Defensive enclosure 605m SSE of Dogbury Farm.
Reasons for Designation
During the mid-prehistoric period (seventh to fifth centuries BC) a variety of different types of defensive structures began to be constructed and occupied .The most obvious sites were hillforts built in prominent locations. In addition to these a range of smaller sites, sometimes with an enclosed area of less than 1ha and defined as defended settlements, were also constructed. Some of these were located on hilltops, others are found in less prominent positions. The enclosing defences were of earthen construction, some sites having a single bank and ditch (univallate), others having more than one (multivallate). At some sites these earthen ramparts represent a second phase of defence, the first having been a timber fence or palisade. Within the enclosure stone or timber-built round houses may have been constructed either for human habitation or to protect livestock. The communities occupying these sites were probably single family groups, the defended enclosures were being used as farmsteads. Construction and use of this type of site extended over several centuries, possibly through to the early Romano-British period (mid to late first century AD). Despite disturbance by quarrying the defensive enclosure 605m SSE of Dogbury Farm survives comparatively well, is strongly constructed and will contain archaeological and environmental evidence relating to its construction, date, function, possible abandonment, strategic and territorial significance, longevity, possible domestic arrangements, agricultural practices and overall landscape context.

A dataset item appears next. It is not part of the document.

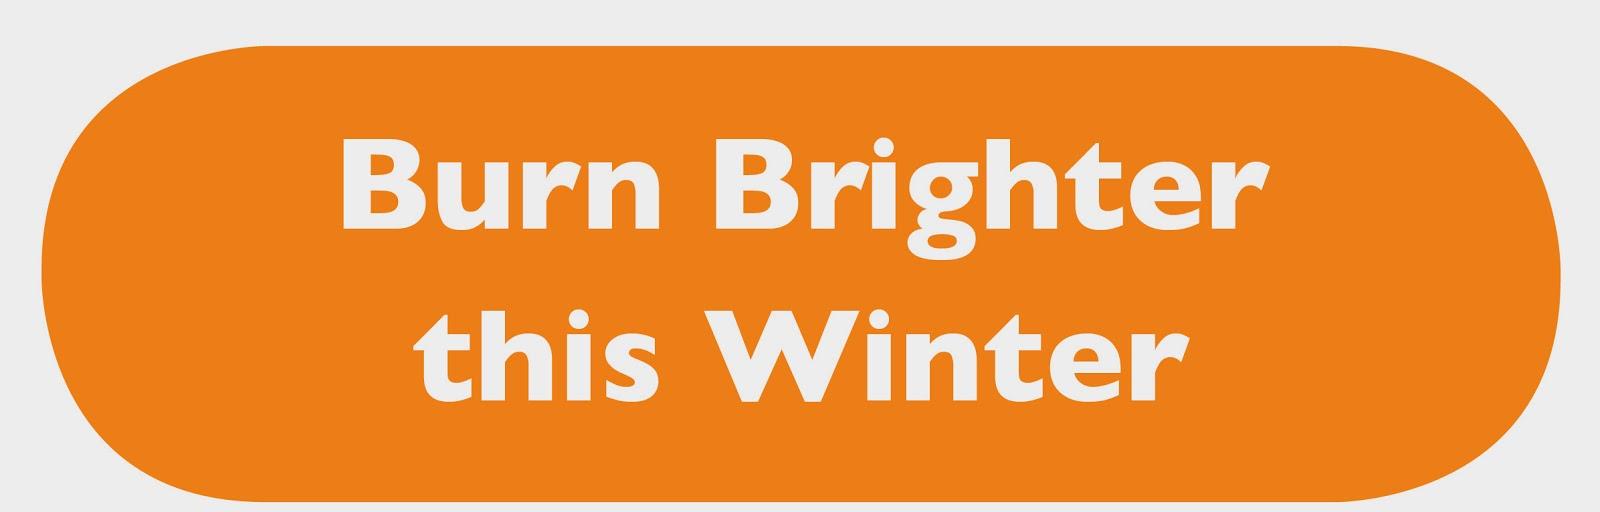 "Text ""Burn Brighter this Winter"" on orange background"

This record was the subject of a minor enhancement on 27 January 2016. This record has been generated from an "old county number" (OCN) scheduling record. These are monuments that were not reviewed under the Monuments Protection Programme and are some of our oldest designation records.

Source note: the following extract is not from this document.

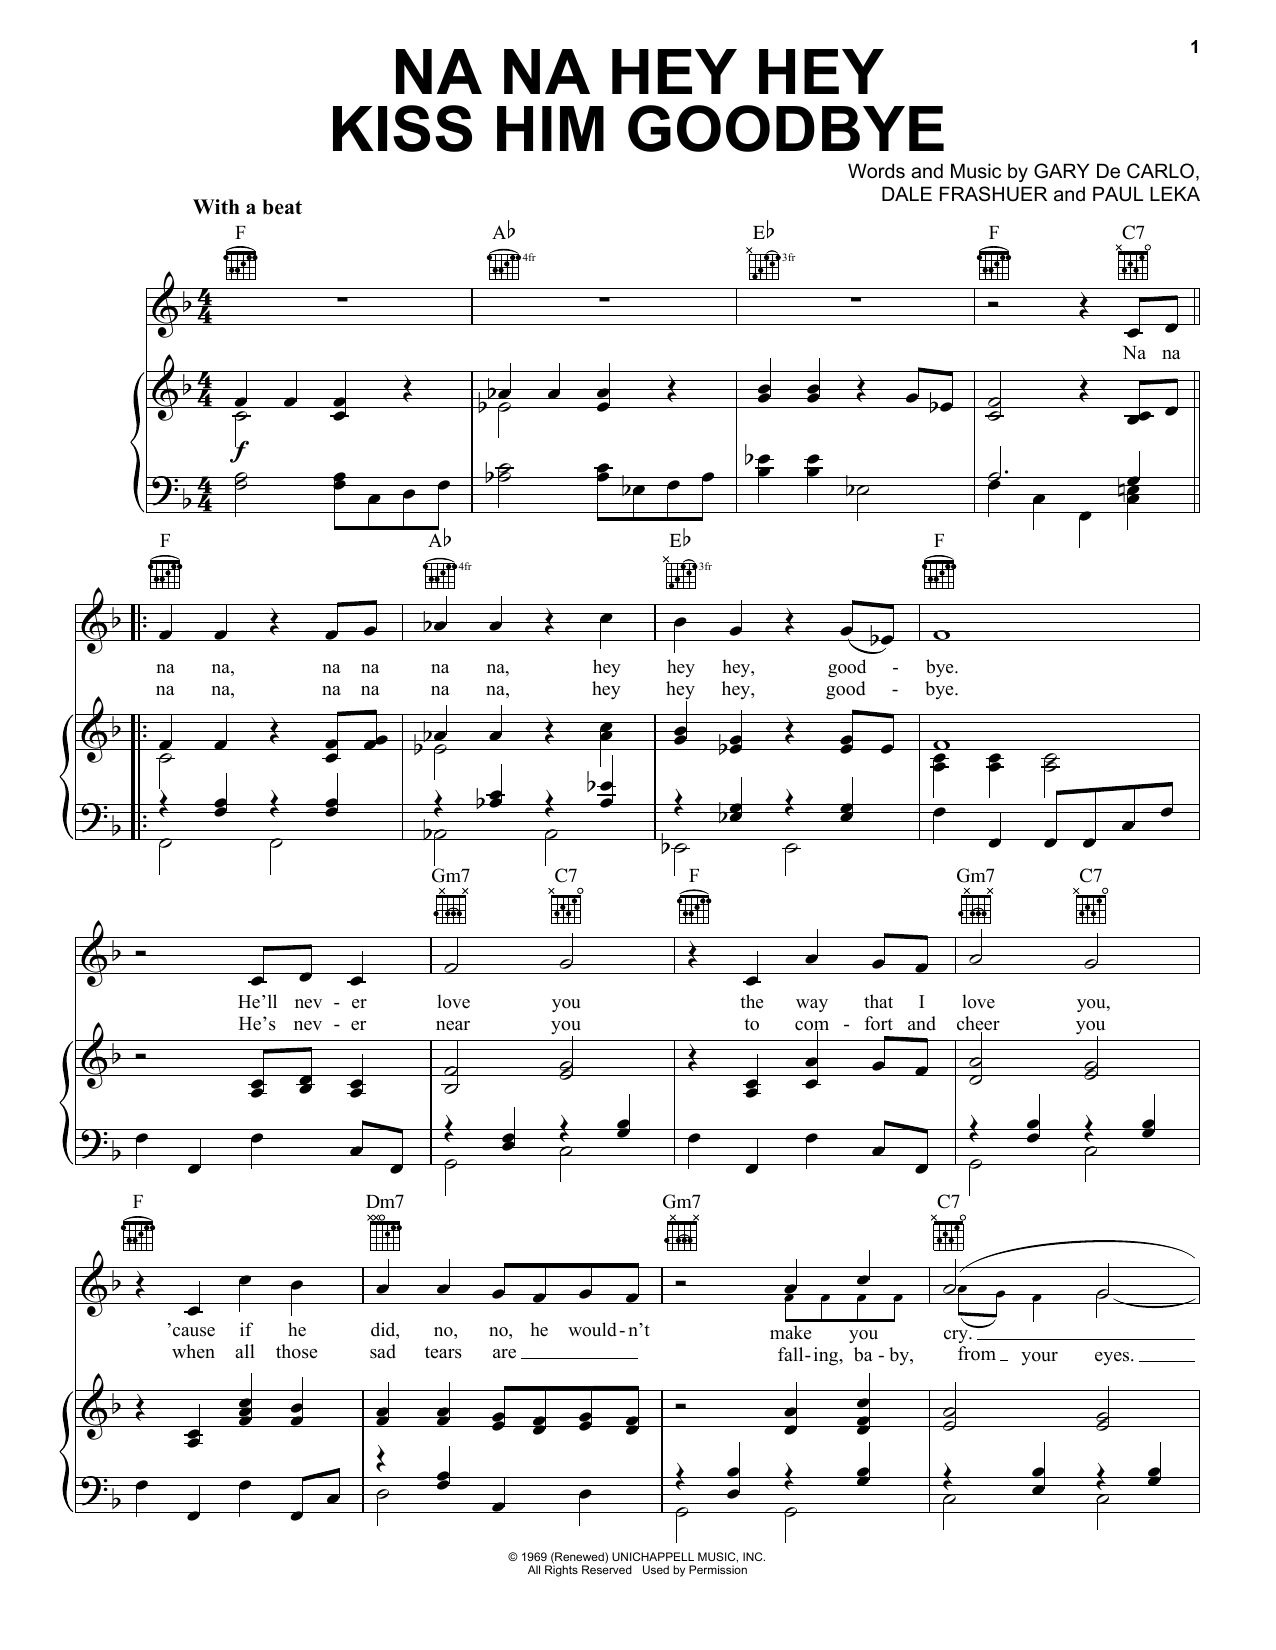 Steam Na Na Hey Hey Kiss Him Goodbye sheet music notes and chords. Download Printable PDF.

This monument includes a defensive enclosure situated on the summit of the prominent Dogbury Hill overlooking the valley of the River Cerne. The enclosure is defined to the south and west by a strongly built rampart bank measuring up to 7m wide and 2m high with an outer ditch of up to 5m wide and 0.6m deep. The rampart and ditch turn towards the north at both ends. To the north east it gradually fades out as an earthwork. To the south west the rampart and ditch has been cut by later quarrying and gradually become a scarp of up to 6m wide and 1.5m high before fading out on a quarry face and not clearly continuing as an earthwork to the north west. There is a simple causewayed entrance to the south east. To the south the rampart has been cut by a later track. The enclosure has been interpreted by different sources as a defensive enclosure, an Iron Age defended settlement, a cross ridge dyke and an unfinished hillfort and although of late prehistoric construction style and clearly defensive in nature its exact function is not known.